Recommended: Object-oriented classes in ASP The reporting system someone made for the company is now planned to re-modify and optimize. It is using ASP. If you use object-oriented, you must have classes. Fortunately, VBS supports the following references: % class MyClass Dim var 'Public variables must use Dim Private var2' Private variables do not require Sub sub1 response.write var2 End Sub Private Sub sub2
18 security rules for ASP Access database:
1. First, we need to filter all the content submitted by the client, including the ?id=N category, and there is also the select and asp file operation syntax of the operation database in the submitted html code. You can escape the submitted characters and then save them into the database.
2. Then you need to authorize the pages that access the Access database. You can only use select statements for displaying data pages, filter other updates, and asp files are divided into permission access database pages and restricted access pages.
3. Modify the database connection file name conn.asp to a file similar to 123ljuvo345l3kj34534v.asp.
4. Modify the database name to a file similar to q397d0394pjsdlkfgjwetoiu.asp.
5. Add a connection password to the Access database (although it can be cracked, deal with novices, and prevent uploading files from connecting to the database without restrictions).
6. Use Access software to encode and encrypt the database.

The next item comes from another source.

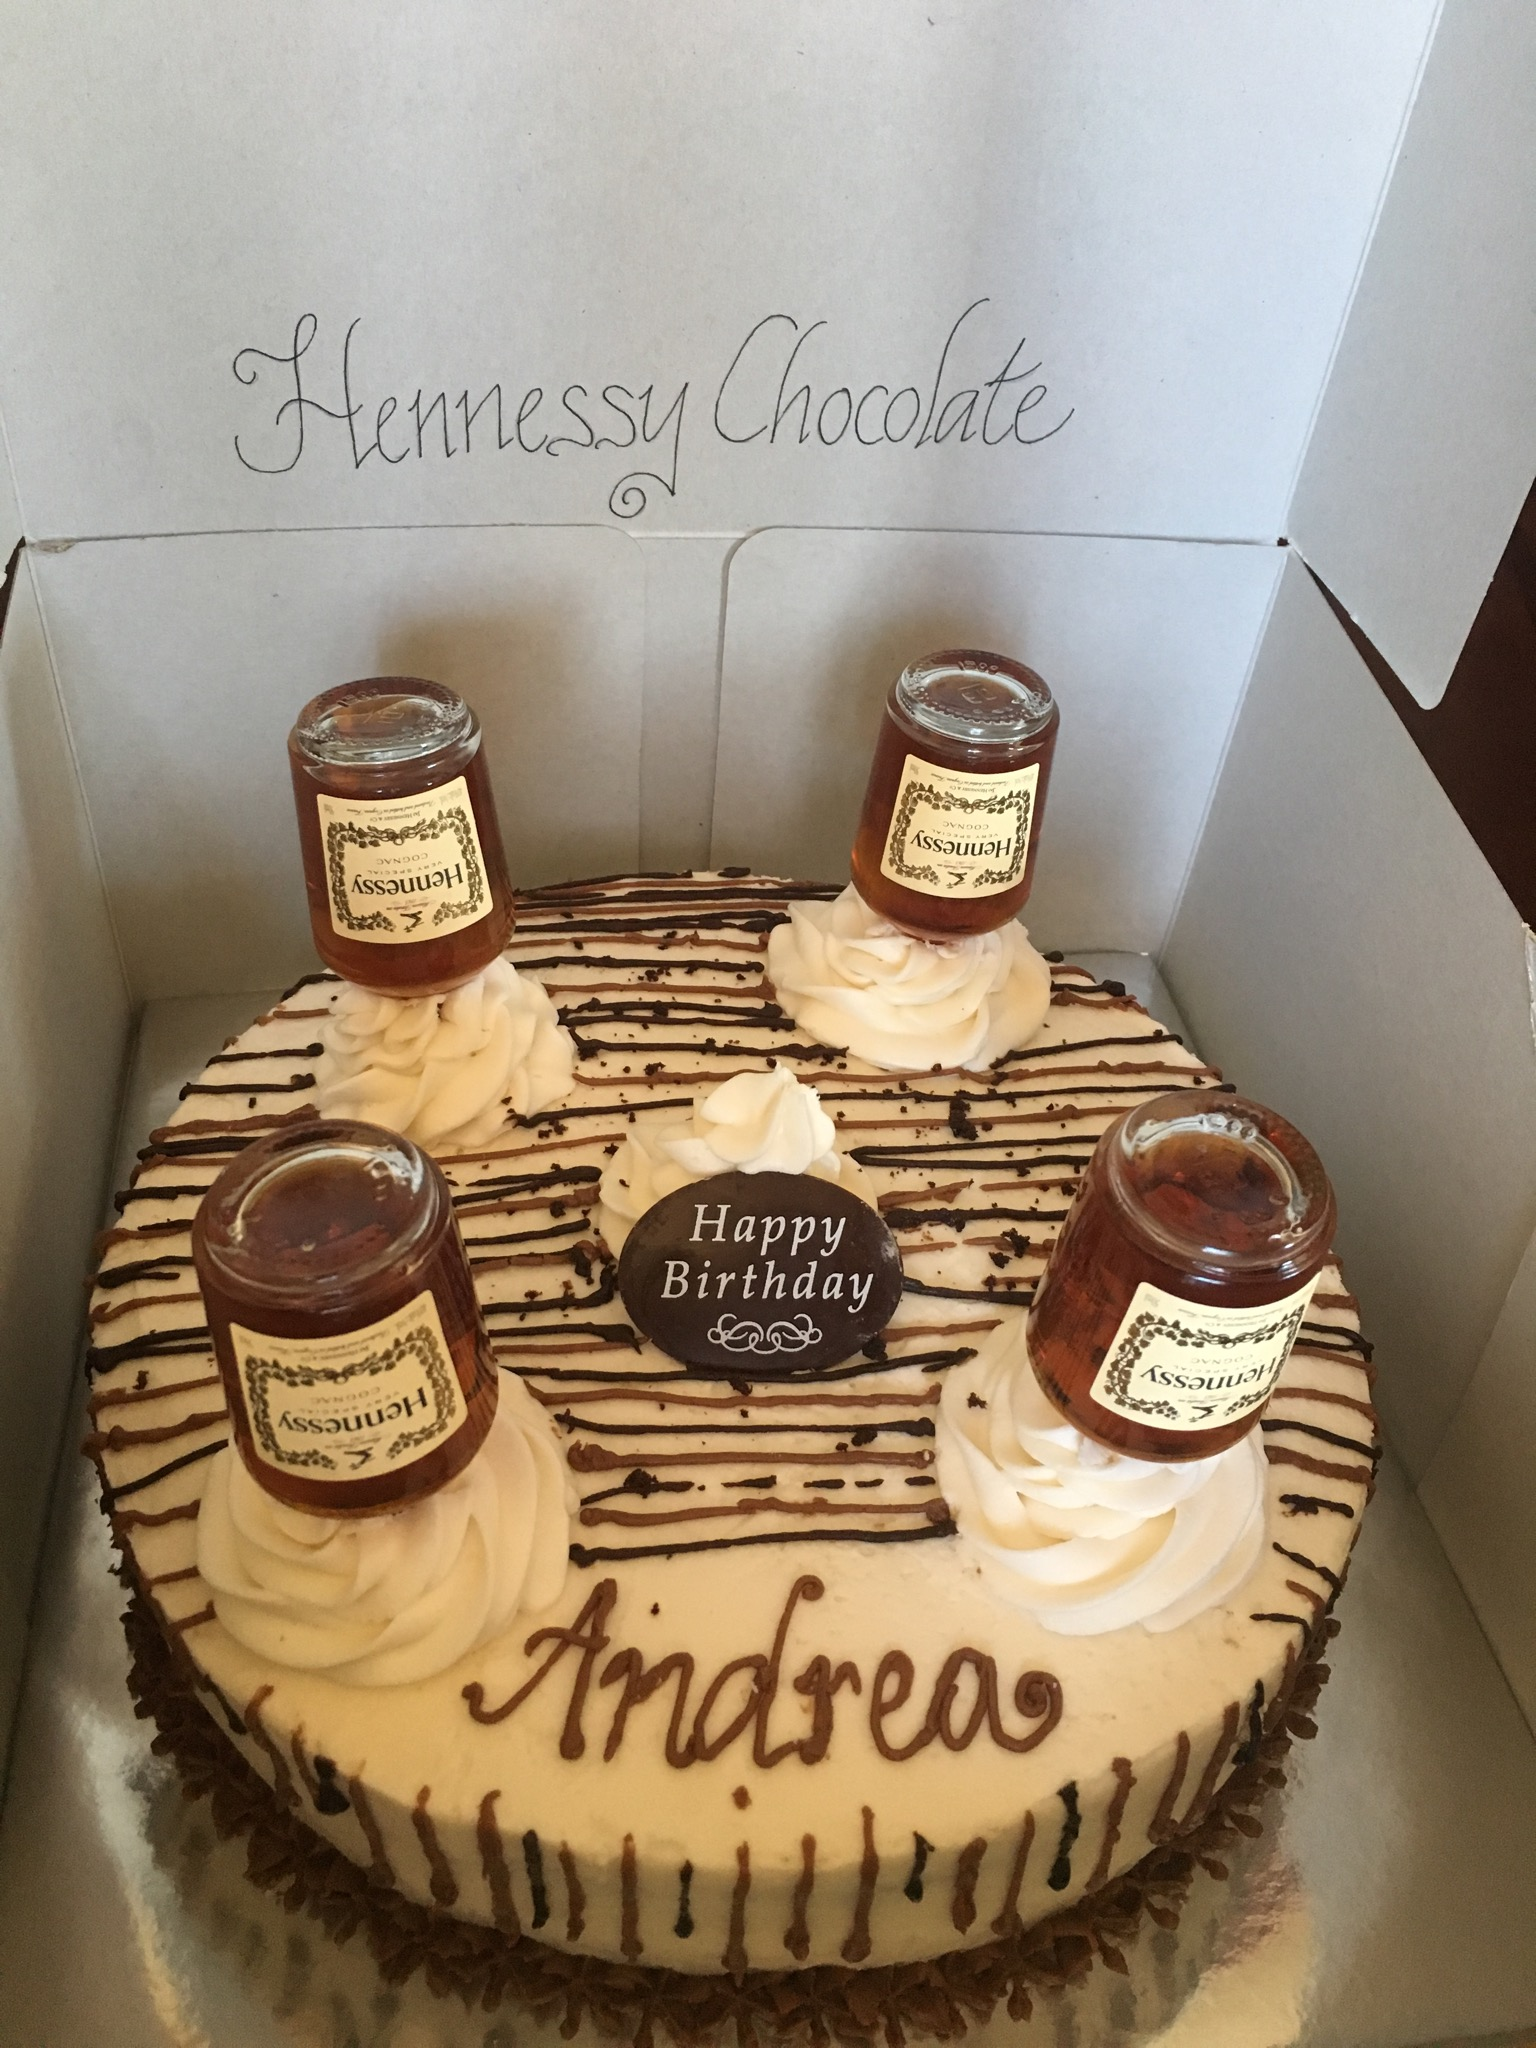 Sensational Hennessycustom Bottle Cake Wasted Desserts Funny Birthday Cards Online Alyptdamsfinfo

7. Use md5 and other encryption algorithms to encrypt user passwords, and password prompts fields such as problems.
8. Restrict search engines to search for related pages.
9. Prevent the database from being downloaded by downloading tools, such as adding statements to the database, etc. to prevent output to the client.
10 Do a good job in security management of asp upload file templates to prevent uploading asp Trojans.
11. The client is denied access to the database and stores the connection files, and only the server's asp file access is allowed.
12. Limit the number of times the same client IP accesses the database.
13. If it is necessary to encrypt the content stored in the database and return it to the client for decryption, even if the database is downloaded, it is impossible to easily obtain the encrypted original content.
14. Restrict the header content of the connection service, such as only IE access is allowed.
15. Prevent the database information from being obtained through file viewing. The client can enter the password, and use a certain algorithm to store the password and content into the database. When output, let the client enter the password and decrypt the content.
16. You can change the table name and field name to characters similar to aslkejrwoieru and werkuwoeiruwe.
17. Prevent the data renamed .asp execution, escape code, etc. from adding content to the database that makes the asp execution error.
18. Finally, it is best to use ODBC to connect to the database and add the connection password.
Share: Refute the "ASP low energy theory" Many people mistakenly believe that ASP is synonymous with simple and inefficiency, and believe that ASP is incompetent and insignificant, and is also very simple. You can learn it and become proficient after you think about it. Some people say that ASP is not safe. When writing ASP programs, if you strictly follow the specifications of writing safe codes.